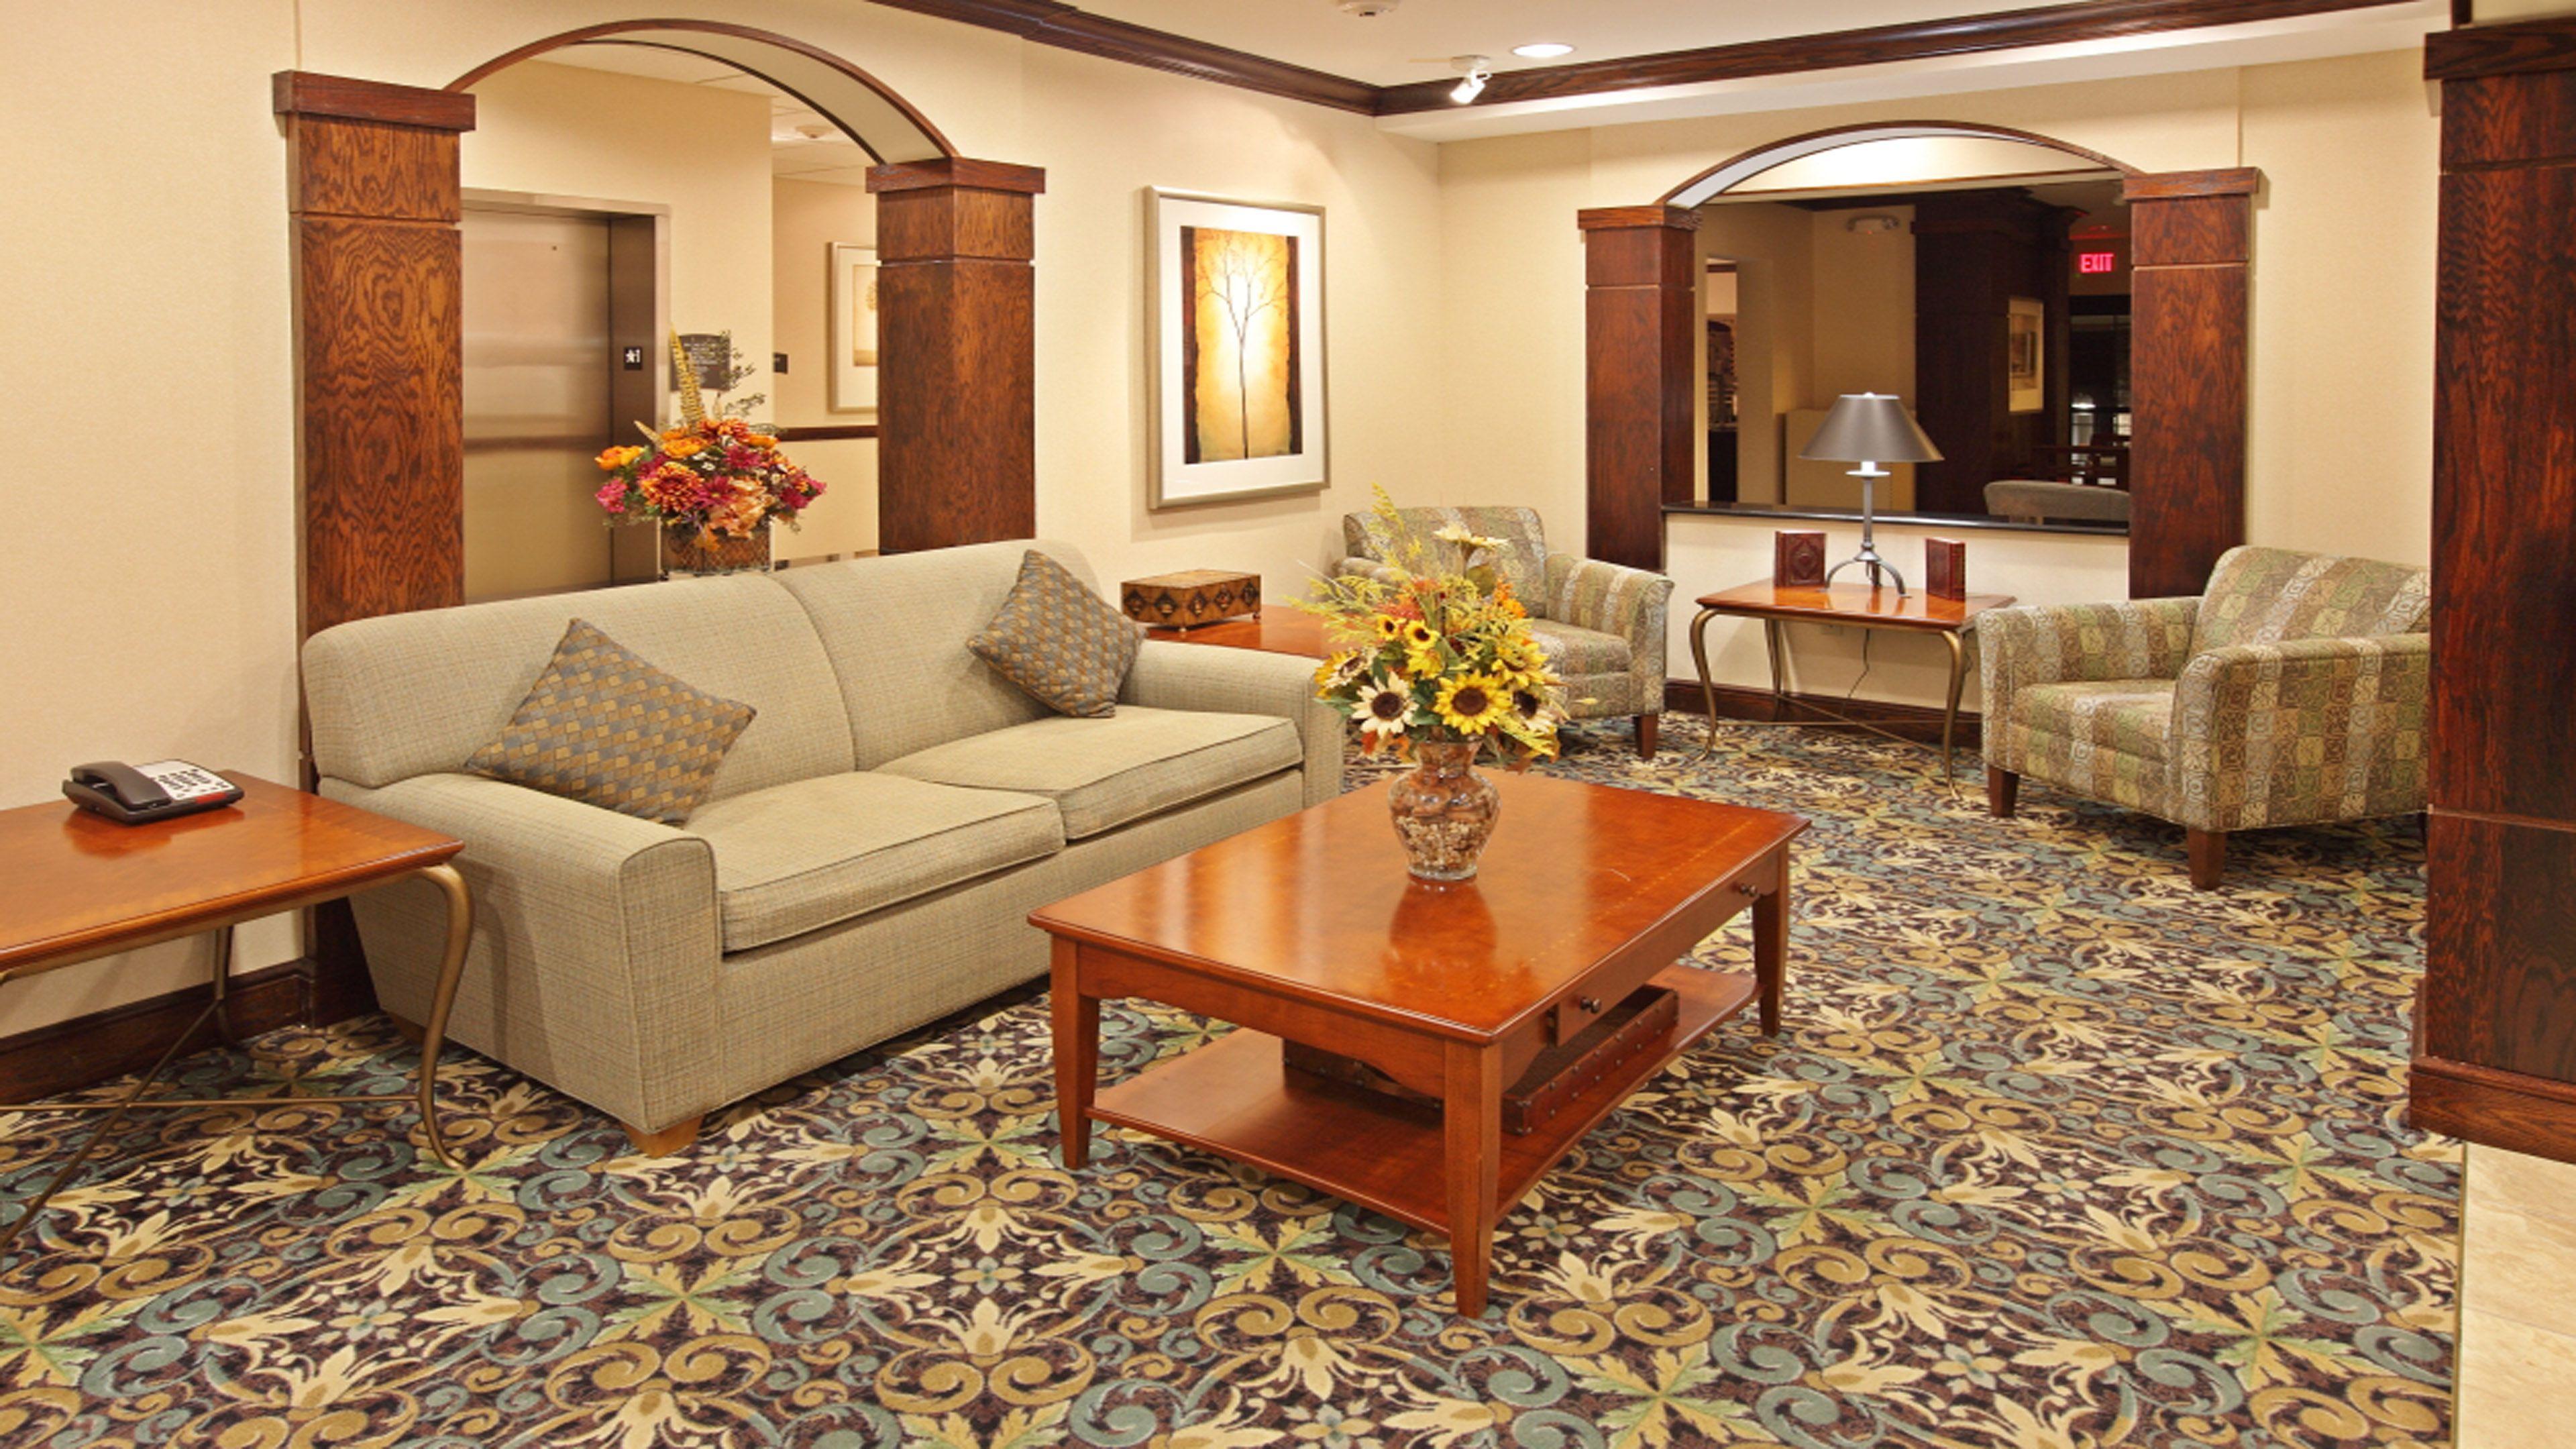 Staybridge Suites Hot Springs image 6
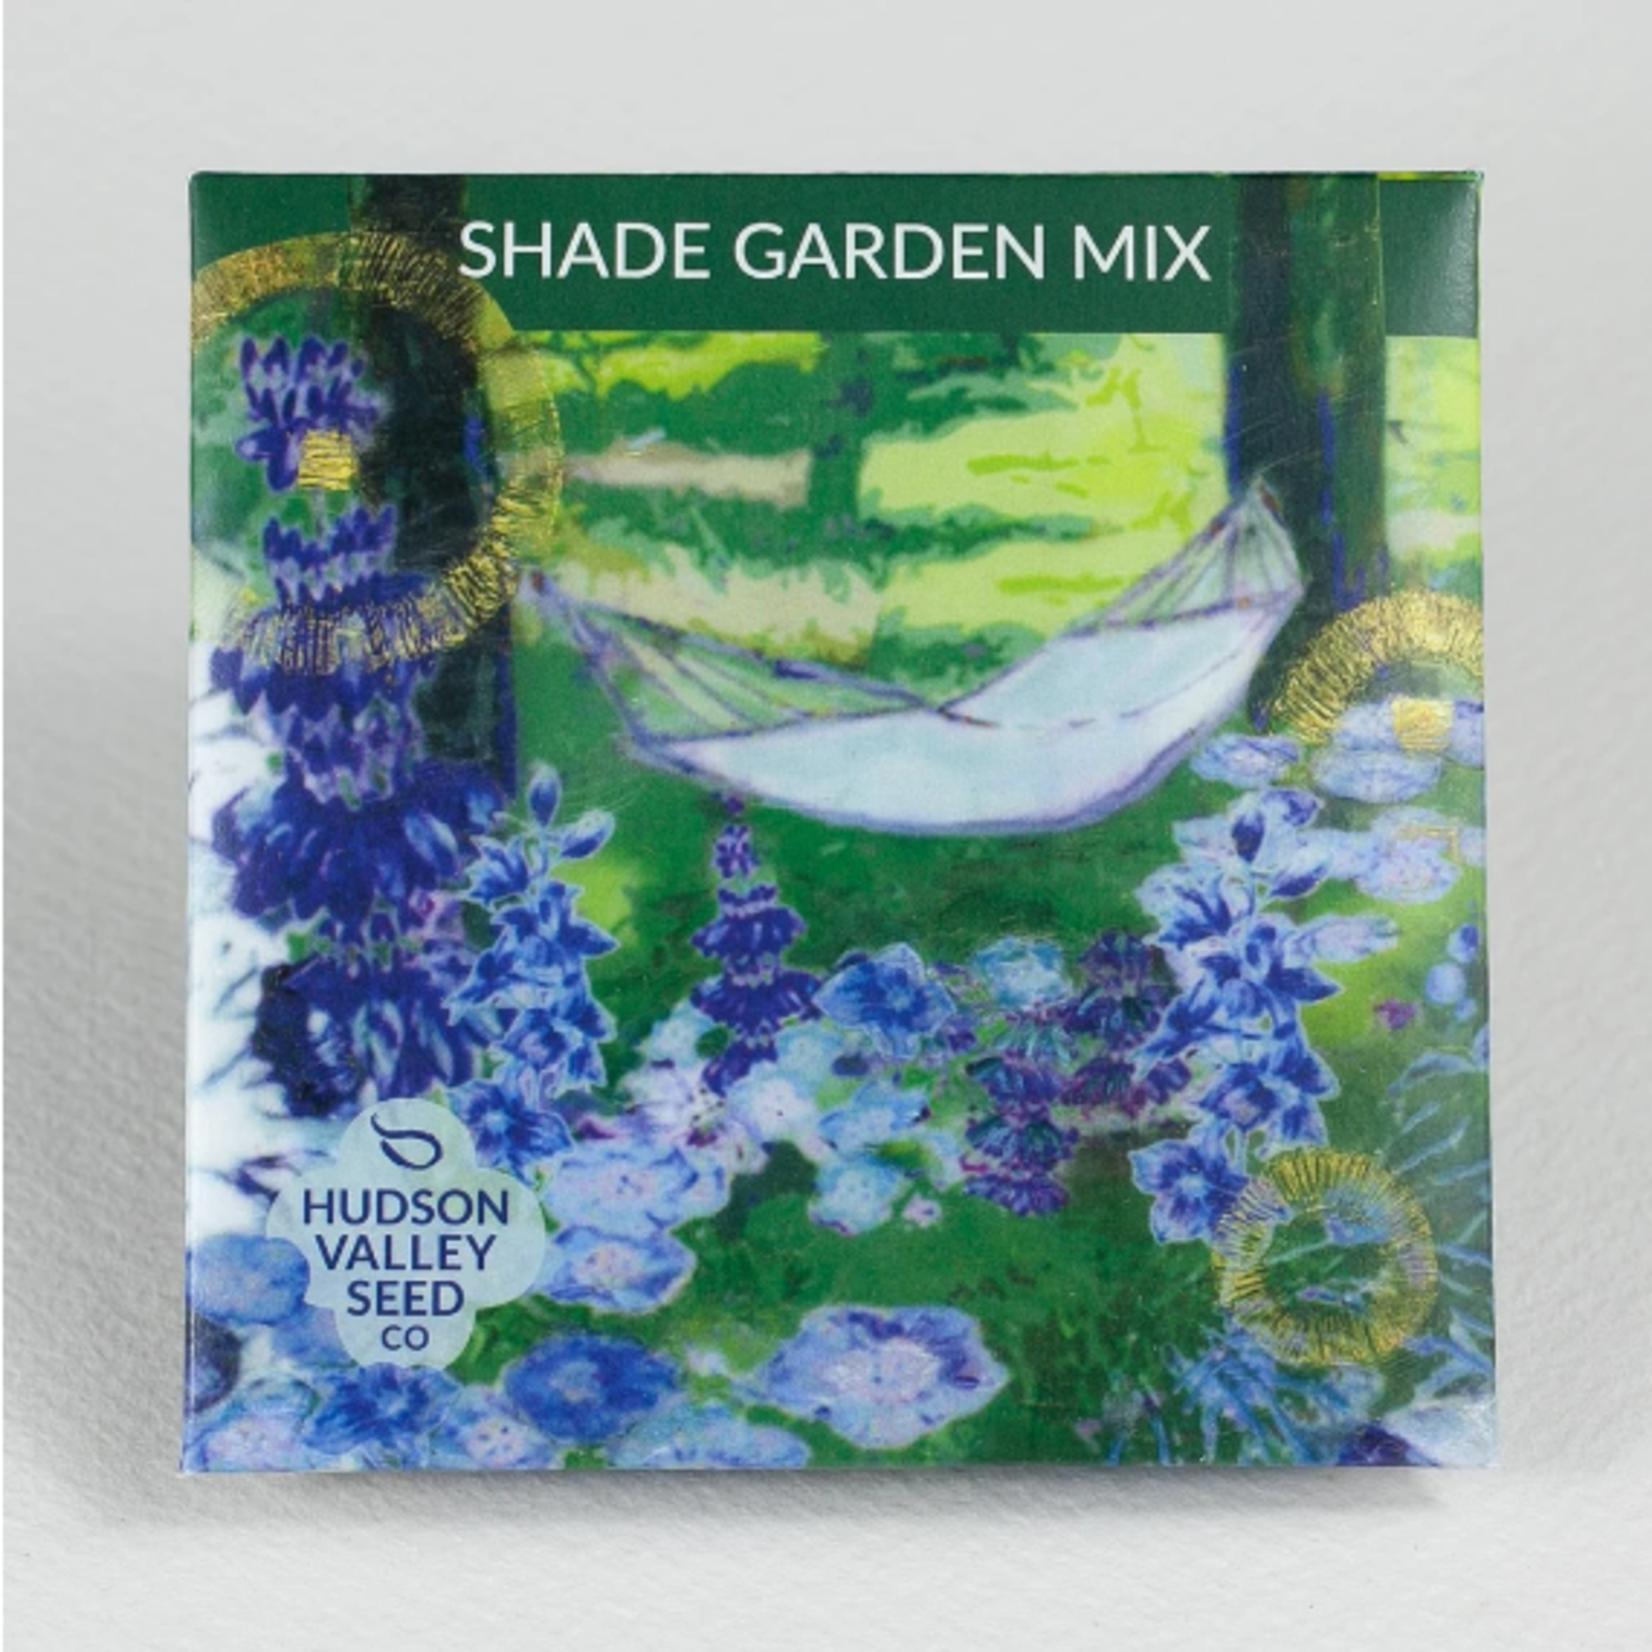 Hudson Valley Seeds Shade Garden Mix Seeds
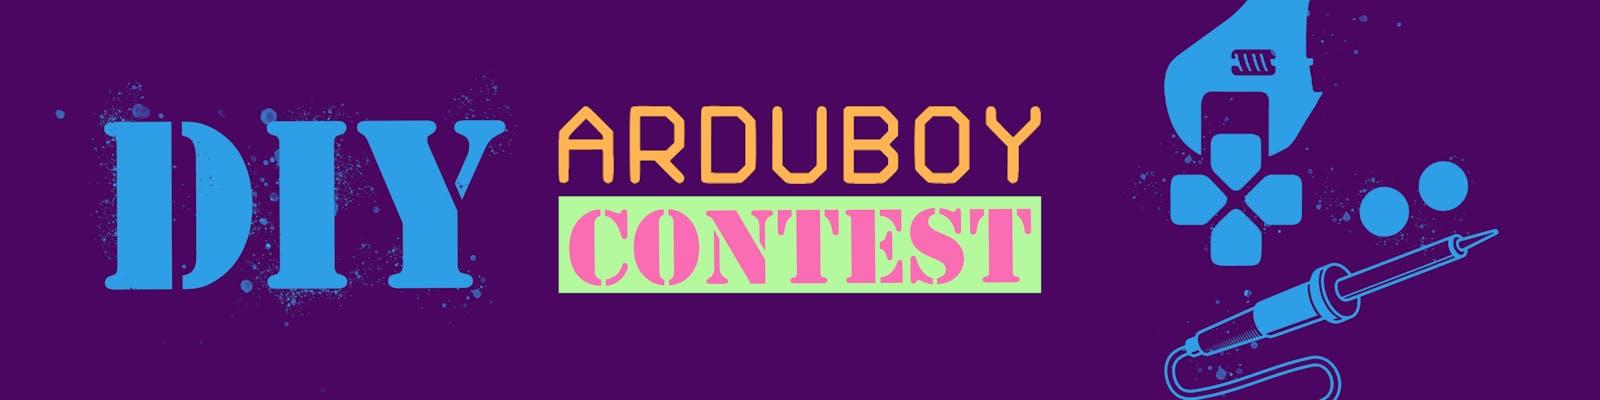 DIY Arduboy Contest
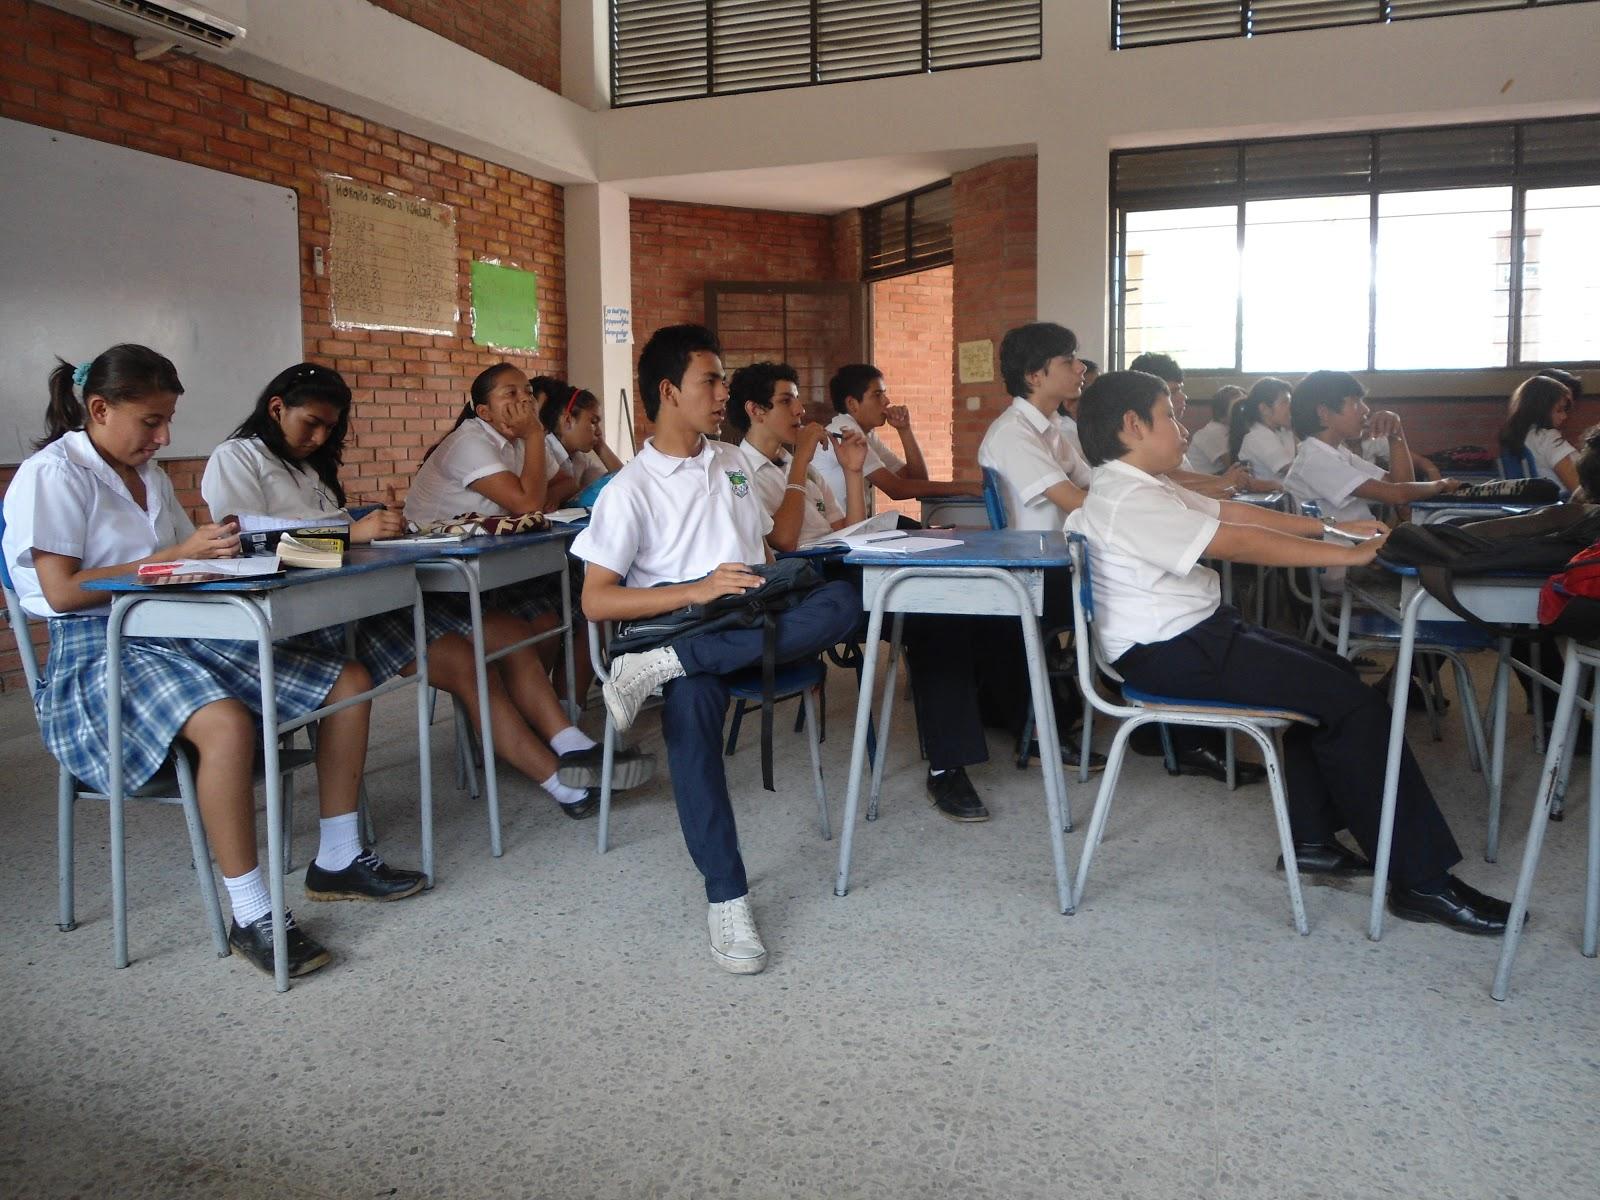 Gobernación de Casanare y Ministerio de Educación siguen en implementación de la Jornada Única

TASK TO COMPLETE →
Give back exactly the lines from the line with "DIY Arduboy Contest" through the end of the material above, inclusive, with no pictures.

EXPECTED ANSWER →
 DIY Arduboy Contest
 Gobernación de Casanare y Ministerio de Educación siguen en implementación de la Jornada Única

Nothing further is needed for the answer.